Banking stocks have opened the day on a negative note. Losers here include Bank of Maharashtra and Andhra Bank. As per a leading business daily, banking giant SBI has decided to increase its branch network three fold this decade. It currently has 17,075 branches, which it plans to ramp up to 50,000 by the end of the decade. It may be noted that, in the past, the bank had decided to go easy on branch expansion and concentrate on increasing business from existing branches. But with the government’s permission to hire more employees and liberalisation of branch licensing norms by the RBI for smaller towns, SBI wants to open more branches. In fact, it has opened 975 branches so far this fiscal. In FY11, it plans to open 1,000 new branches. This development must be seen in the light of the rising income levels and the need for financial inclusion in the smaller centres in India.

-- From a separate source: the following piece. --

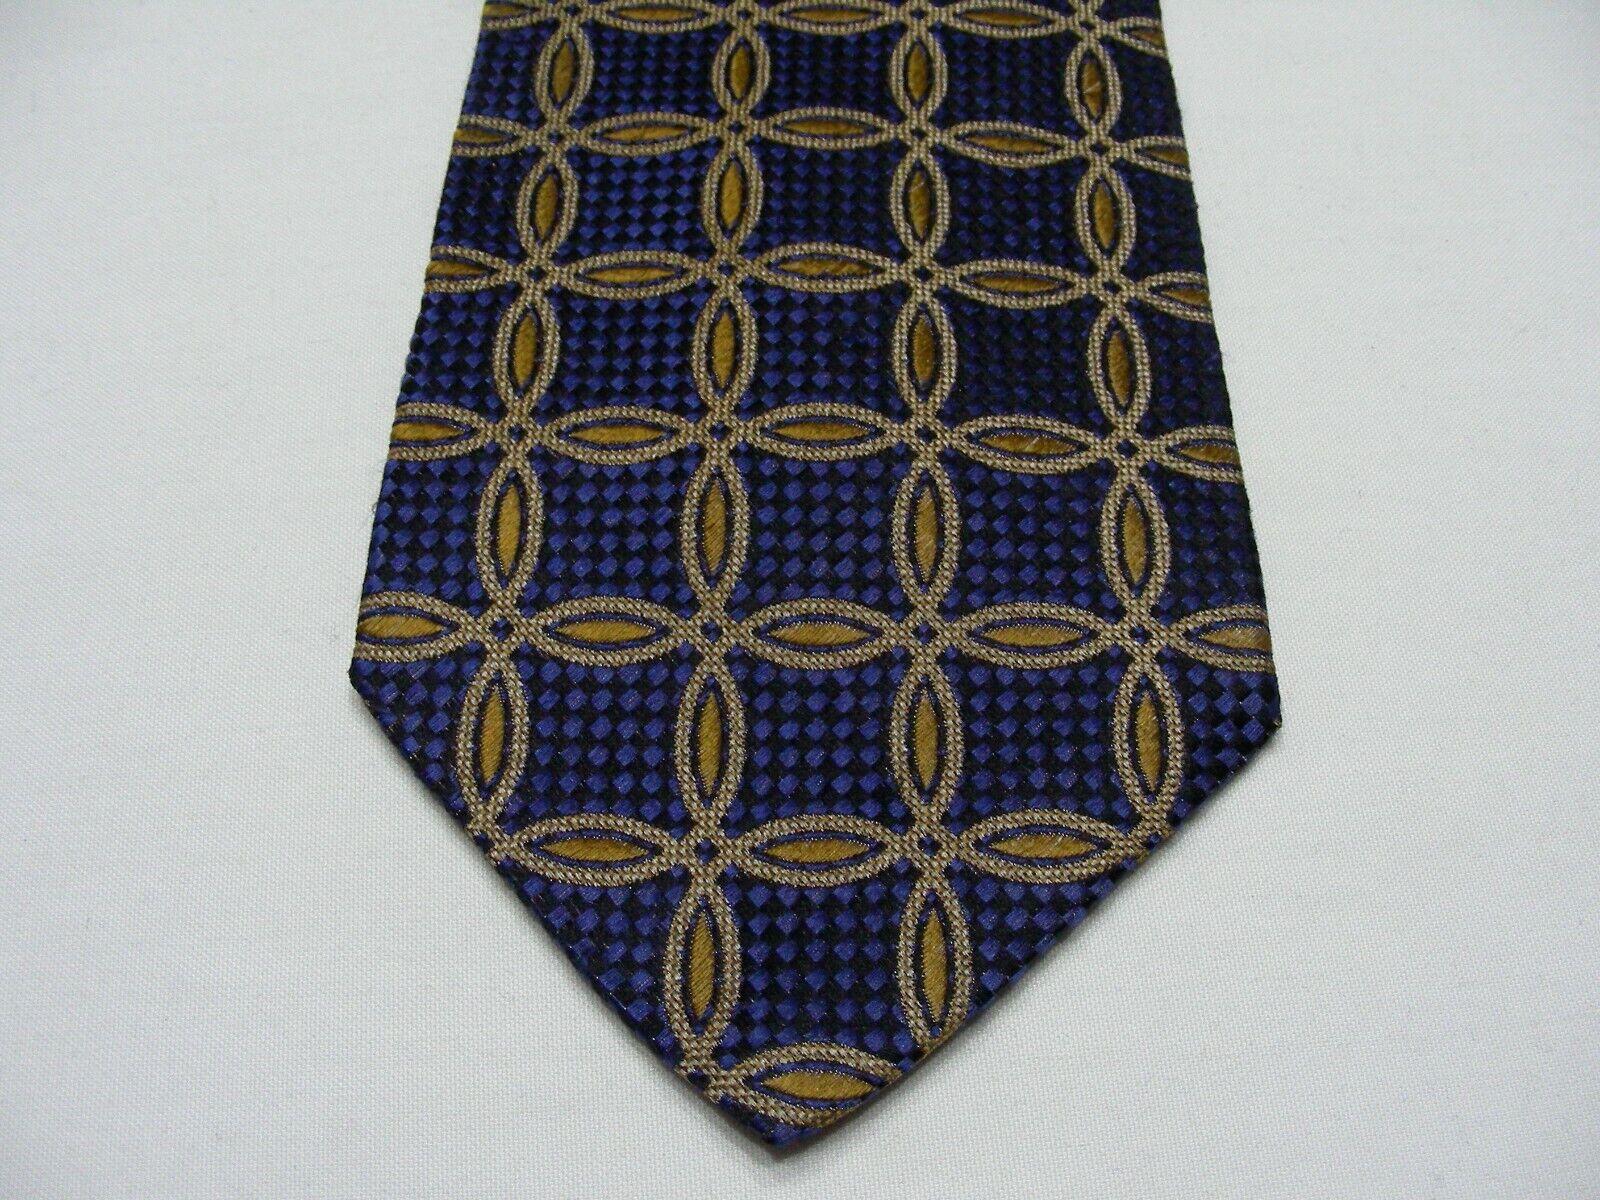 ALLEGRO - Made in Italy - Geometric -100% Silk Neck Tie!

Investors wake up to the harsh reality
Pre-Open

The writing appears to be on the wall. Yesterday, Dow Jones, the US stock market barometer tumbled 268 points and closed at its three month lows. Things were not rosy at other stock markets either as a broad based selloff took centre stage. It was a combination of a weaker than expected jobs data in the US and sovereign debt issues that spooked the markets. Thus, the gloom that pervaded stocks right through the month of January has prevailed so far in the current month as well. And there seems to be no end in sight. Slowly but surely, the reality that the economic environment, especially in the developed world, is not as good as the stock market rally of 2009 would have us believe seems to be dawning upon investors. In other words, the stock markets had run up way too ahead of fundamentals and now having realized their mistake, seem to be in a correction mode.

So, how long or how deep the correction is likely to be? Frankly, we do not have an idea. In fact, there is a strong possibility of them overreacting on the downside just as they have done on the upside. Indian markets too should not be expected to escape the pain.

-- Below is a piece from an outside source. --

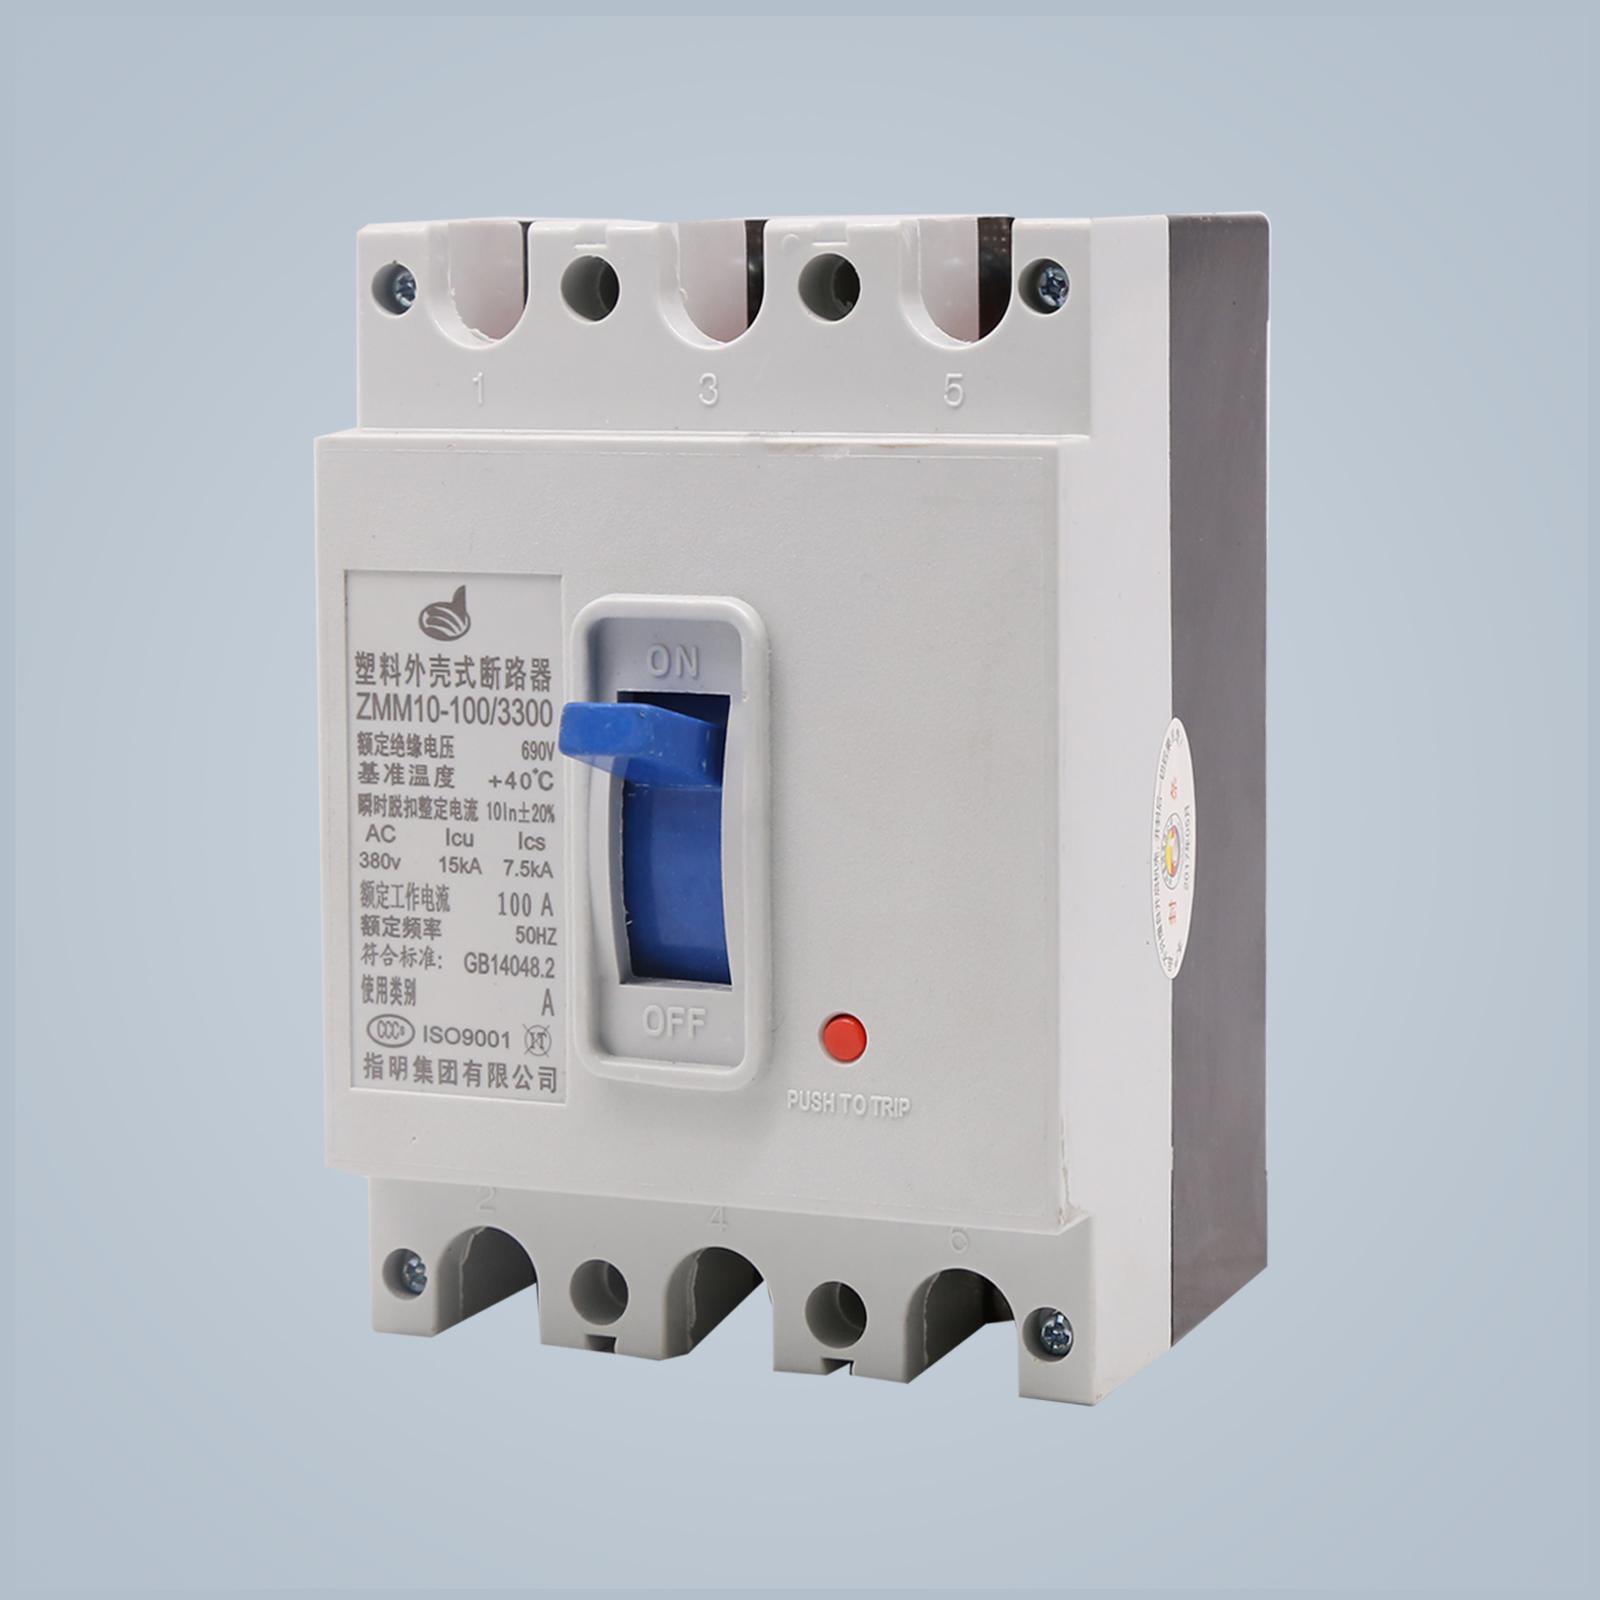 ZMM10 Molded Case Circuit Breaker ZHIMING GROUP CO LTD

However, unlike the developed world, the Indian investor is not staring at an uncertain future and years of sub par growth. It is instead looking at an economy that is likely to remain one of the fastest growing in the world for many years to come. And hence, the investor should pounce upon the opportunity that any significant corrections might present by investing in fundamentally strong Indian companies available at reasonable valuations. Thus, while the investor in the developed world may not know what to do during the deep slump that could come, his Indian counterpart could do well to grab some fundamentally strong counters at attractive valuations.

The focus shifts back to the Yuan
It isn’t that all is lost for the US economy. One way out of the current mess for the US could be to grow its exports. But it may not be easy. They are most likely to run into the Great Wall of China. And the deliberate undervaluation of the Chinese currency is making the US authorities all the more nervous. Little wonder, the US is going all out to try and force the Chinese to undertake a gradual appreciation in the Yuan.

The Chinese though may be in no mood to oblige. It knows quite too well that its export driven economy could come under threat from other emerging nations if there is a meaningful appreciation in the Yuan. And this is the kind of risk the dragon nation may not be willing to take in the current environment. Hence, it would be interesting to see how this battle pans out in the days to come. By all indications, the US is likely to continue to keep stepping up the pressure.